(Source data)

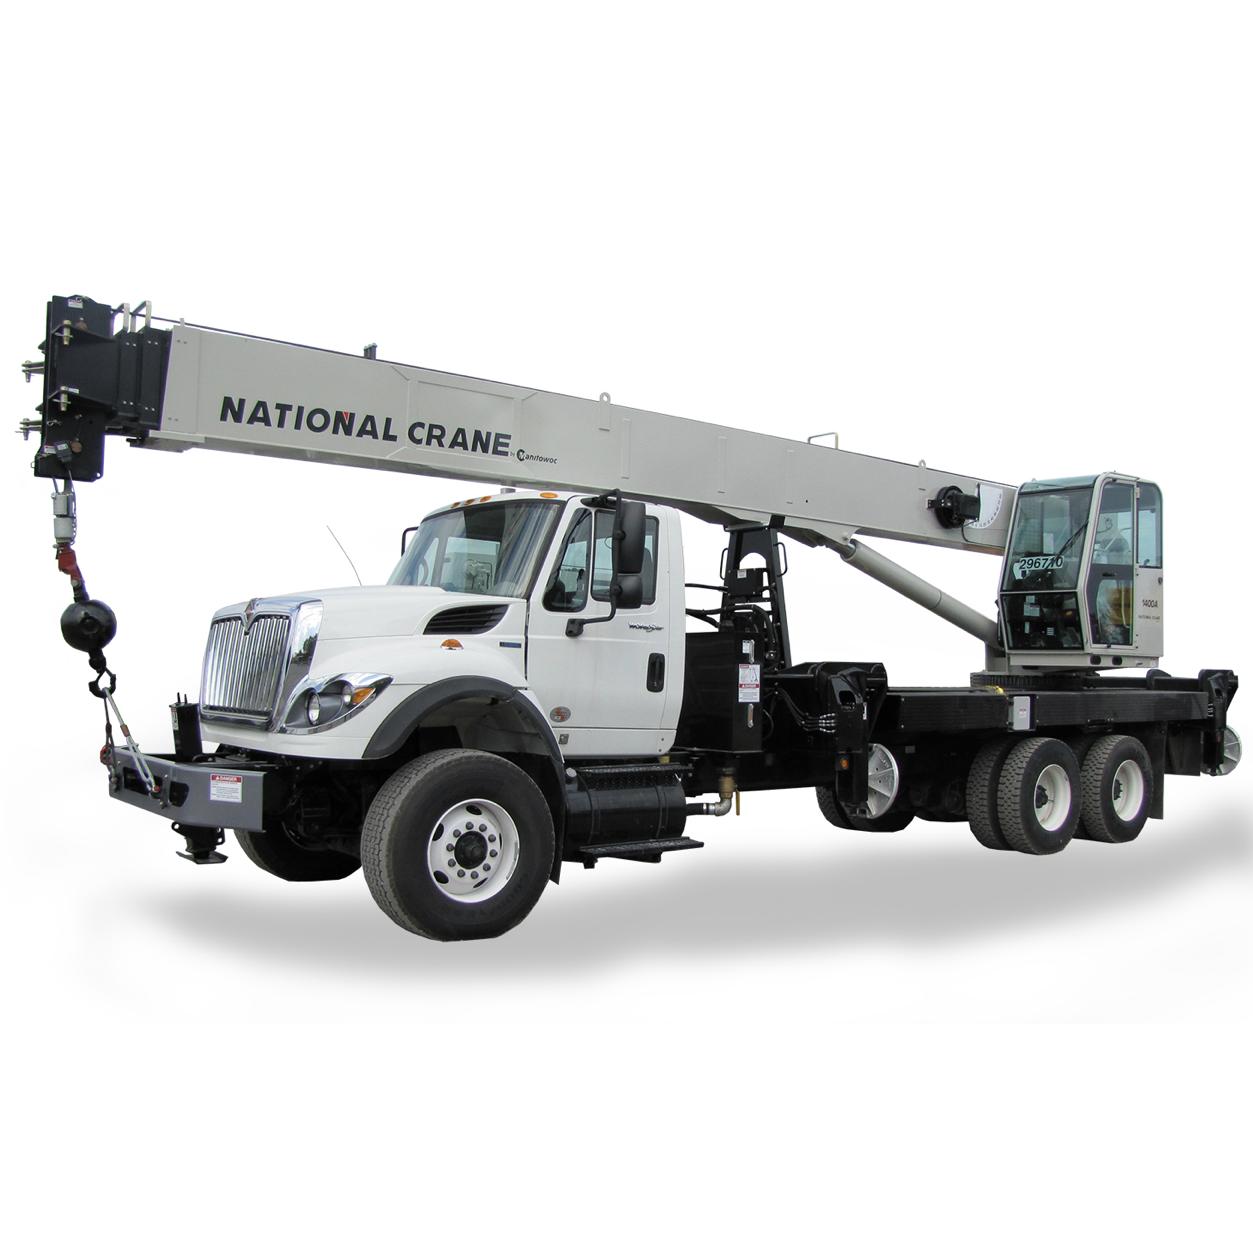 Wilkerson Crane Rental - Equipment - National 1400A
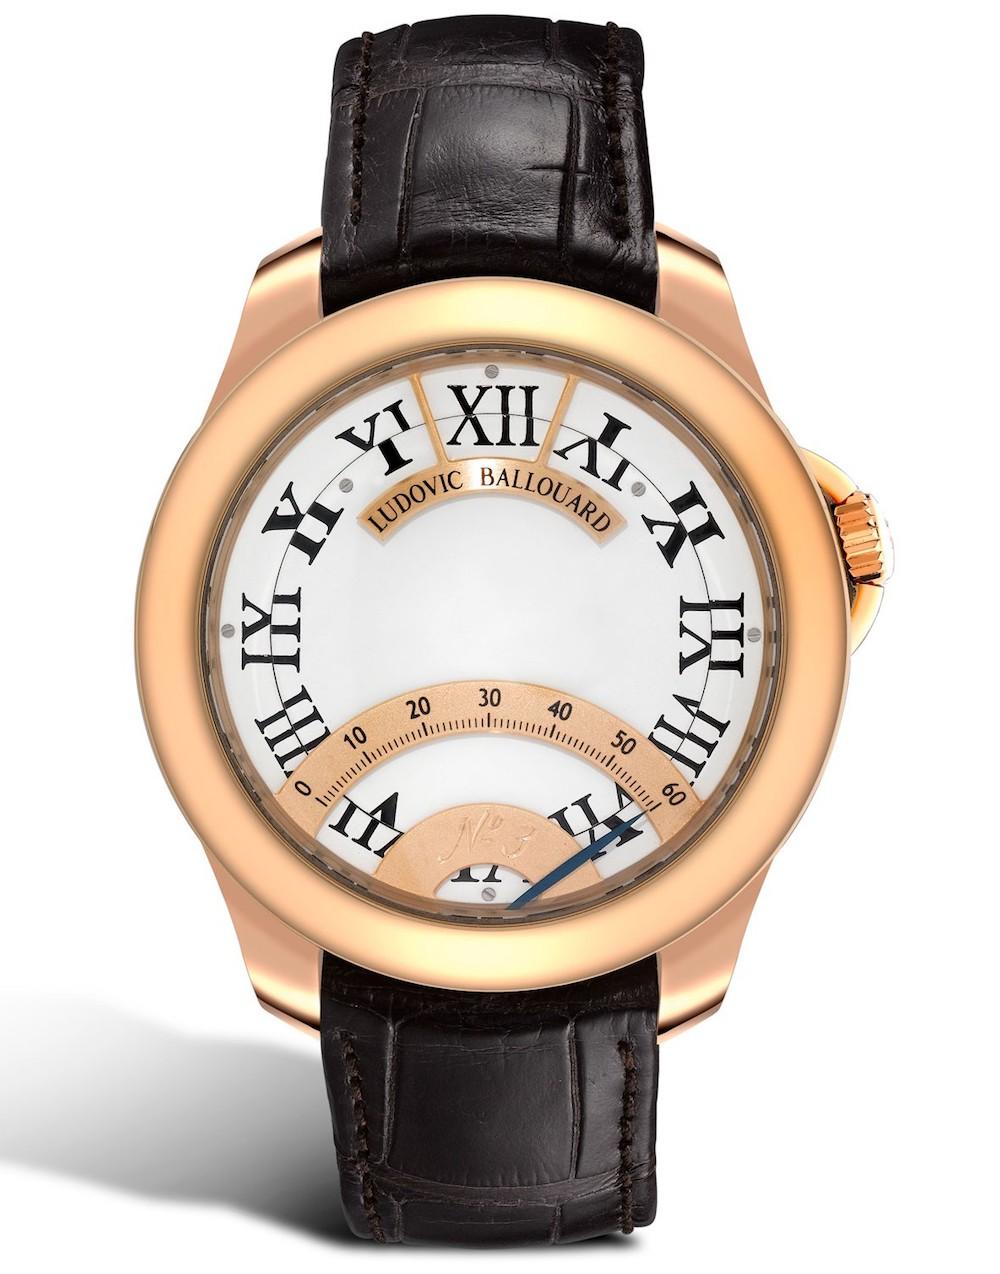 ludovic-ballouard-upside-down-white-dial-red-gold-1-w1752-karora-luxusora-svajci-ora-orasblog.jpg
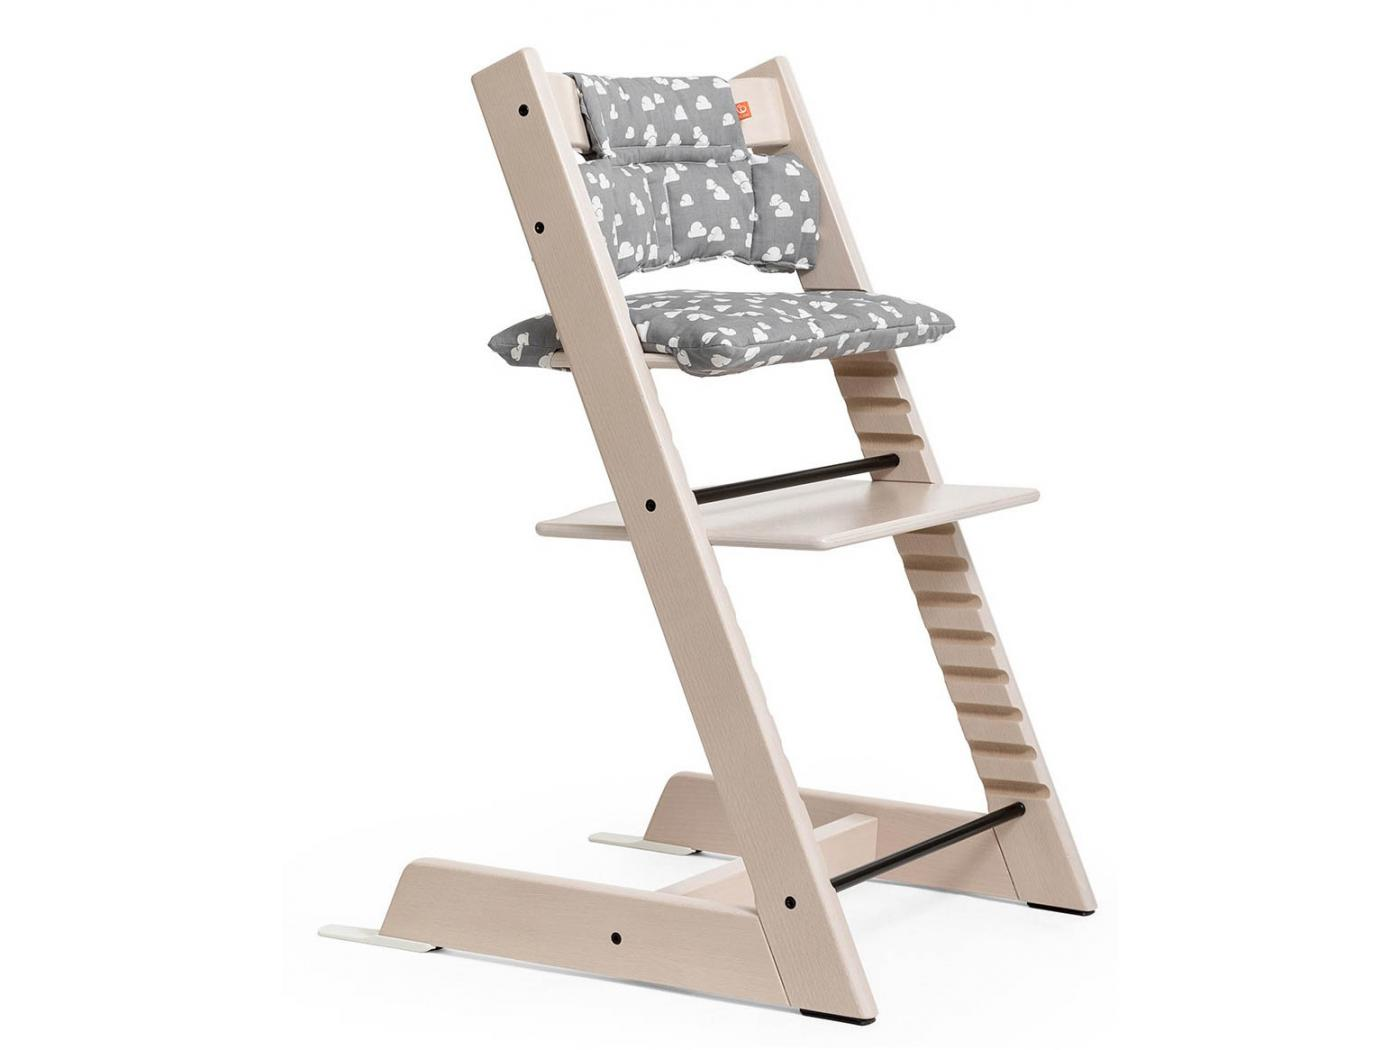 Stokke - Chaise haute Tripp Trapp Blanchi - Personnalisable

(End Source data)

*What to produce:* In your copy of the listing, please omit the pictures and keep every word exact.

*Task output:*
 Wilkerson Crane Rental - Equipment - National 1400A
 ludovic-ballouard-upside-down-white-dial-red-gold-1-w1752-karora-luxusora-svajci-ora-orasblog.jpg
 Stokke - Chaise haute Tripp Trapp Blanchi - Personnalisable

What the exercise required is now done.